ADJUSTMENTS AT CLOSING
In addition, Buyer and Seller shall make the following adjustment at
closing:
1. All personal property taxes owed for the year 2004 on the Assets shall
be prorated between Seller and Buyer, as of the 30th of April, 2004. Buyer shall
assume the obligation to pay personal property taxes on the Assets for its
proportionate rate for the tax year 2004 and for the full property tax rate for
all subsequent years.
V.
TIME OF CLOSING
1. The Closing Date pursuant to the terms hereof shall be on or before the
16th day of April, 2004, at 2:00 p.m., but effective as of the close of business
the 1st of April, 2004 (the "Closing Date").. The closing shall be held at
Strategic Abstract & Title Corporation, 0000 X. Xxx Xxxxxx Xxxxxx, Xxxxxxx,
Xxxxx (the "Closing"), unless the parties mutually agree upon another time and
place hereto.
2. At the Closing, Seller and Buyer shall execute and deliver all
documents and payments necessary or desirable to convey to Buyer all right,
title or interest in the Assets in form suitable to both Buyer and Seller and
Buyer's and Seller's counsel including:
a.
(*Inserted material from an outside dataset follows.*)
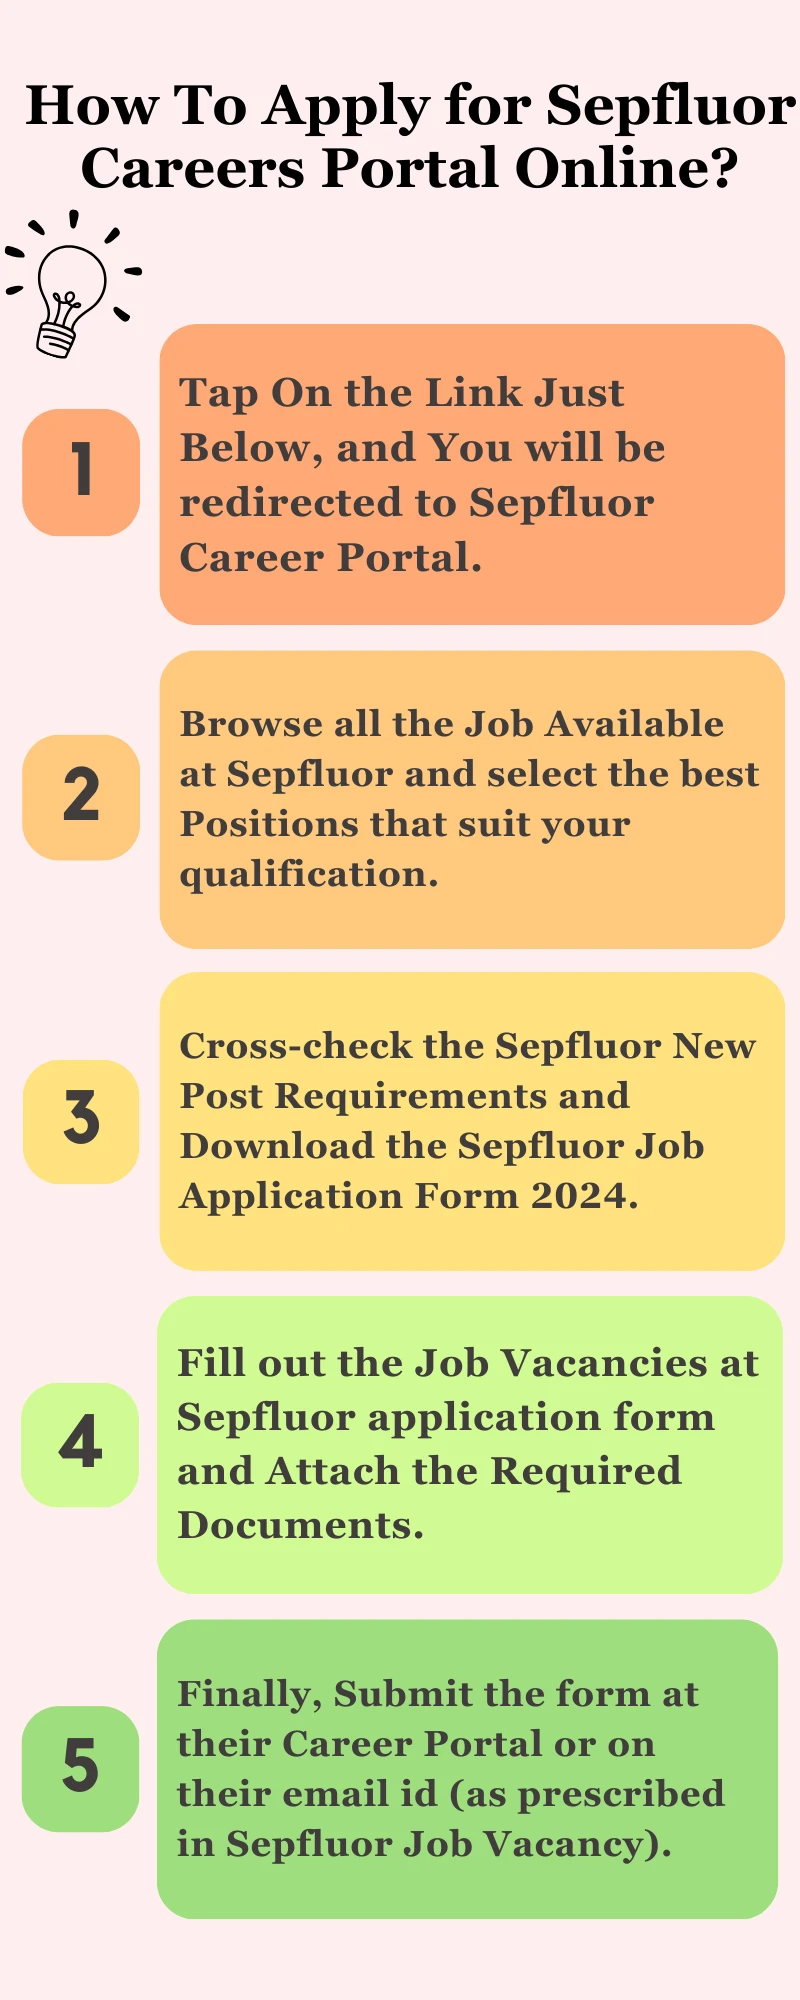 How To Apply for Sepfluor Careers Portal Online?
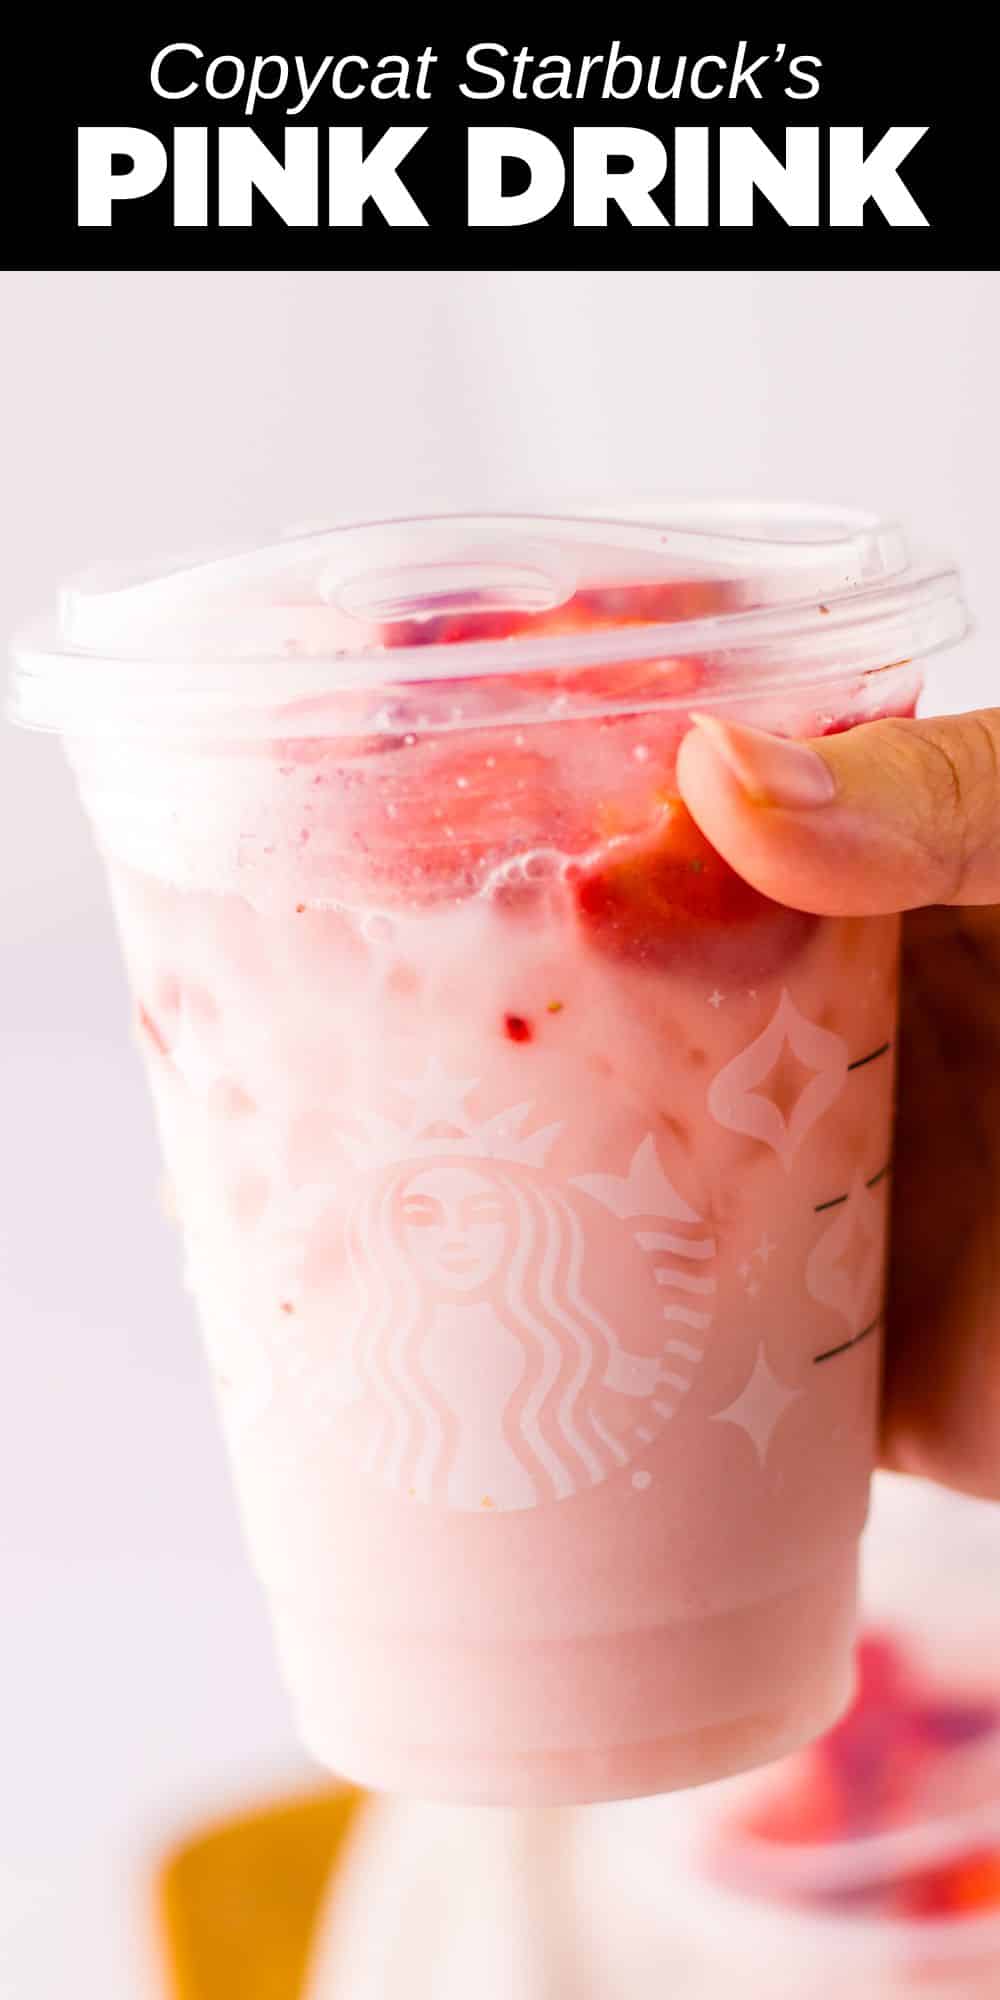 We've perfected the Starbuck's famous Pink drink with our Copycat Starbucks Pink Drink recipe. You'll get the same vibrant pink color and delicious flavors as the Starbucks original while sparing your wallet from coffee shop prices. We figured out how to make it with just three simple ingredients so you can mix up this refreshing drink anytime the craving hits.

Seller shall deliver to Buyer any and all Certificates of Title
necessary for the transfer of title; if any, of the Assets;
b. Seller shall deliver to Buyer a withdrawal or abandonment, ready
for filing, of the name of RAYTECH INTERNET, INC.;
c. Seller shall provide a UCC search of the records of the Secretary
of State of Texas reflecting no liens on the Assets;
d. Seller shall deliver to Buyer a Xxxx of Sale in form and
substance suitable to convey the Assets;
e. Seller shall prepare, and Buyer and Seller shall execute an
Assignment of Contracts delineated in Exhibit "B;"
f. Seller shall, upon retiring all of its existing debt, file
Articles of Dissolution with the Secretary of State of the State of
Texas;
g. Buyer shall instruct stock transfer agent to issue stock to the
Seller as delineated in this Agreement.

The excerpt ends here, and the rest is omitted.